We have no doubt that the trial court would have instructed the jury in accordance with instruction 2.6-11 if defense counsel had requested the charge. See, e.g., State v. Ortiz , supra, 343 Conn. at 594, 275 A.3d 578 ("a request to charge that is relevant to the issues in a case and that accurately states the applicable law must be honored" (internal quotation marks omitted)). The state does not contend otherwise. This court has recognized the importance of such an instruction in cases in which a defendant faces multiple charges of sexual misconduct relating to multiple alleged victims. See State v. Ellis , 270 Conn. 337, 379, 852 A.2d 676 (2004). Accordingly, in cases involving multiple charges, multiple victims, or both, we strongly recommend that our trial courts instruct jurors in accordance with instruction 2.6-11, whether asked to do so or not.
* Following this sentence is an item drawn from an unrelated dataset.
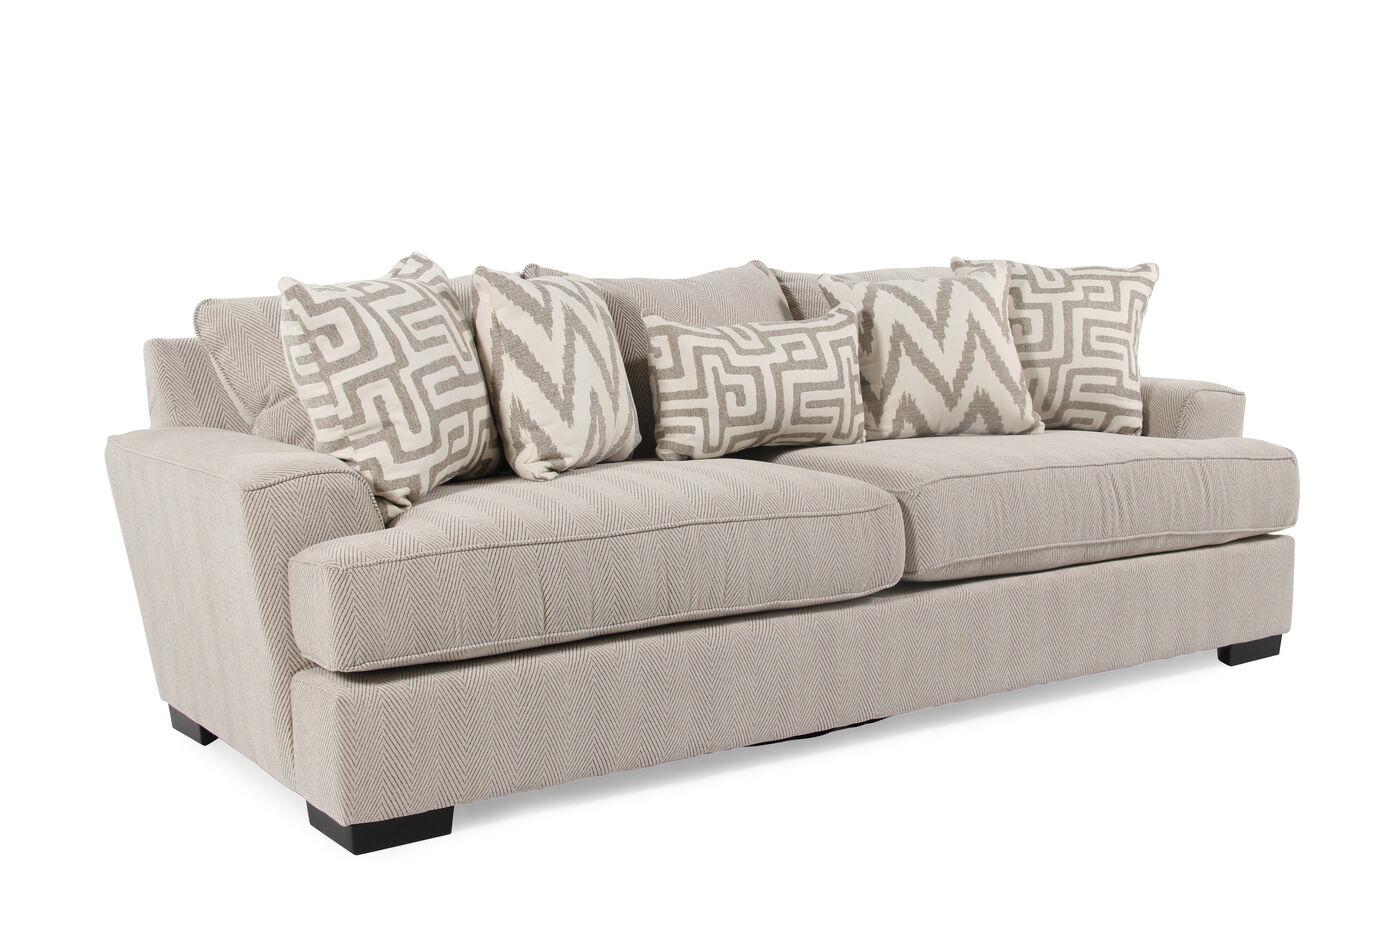 Michael nicholas renegade sofa mathis brothers furniture for Michael apartment sofa

We recognize that a trial court is not required to tailor its charge to the precise language of a request to charge or model jury instruction. "If a ... charge is in substance given, the [trial] court's failure to give [the] charge in exact conformance with the words of the request [or the model instruction] will not constitute a ground for reversal." (Internal quotation marks omitted.) State v. Ortiz , supra, 343 Conn. at 594–95, 275 A.3d 578.
The judgment is reversed and the case is remanded for a new trial.
In this opinion the other justices concurred.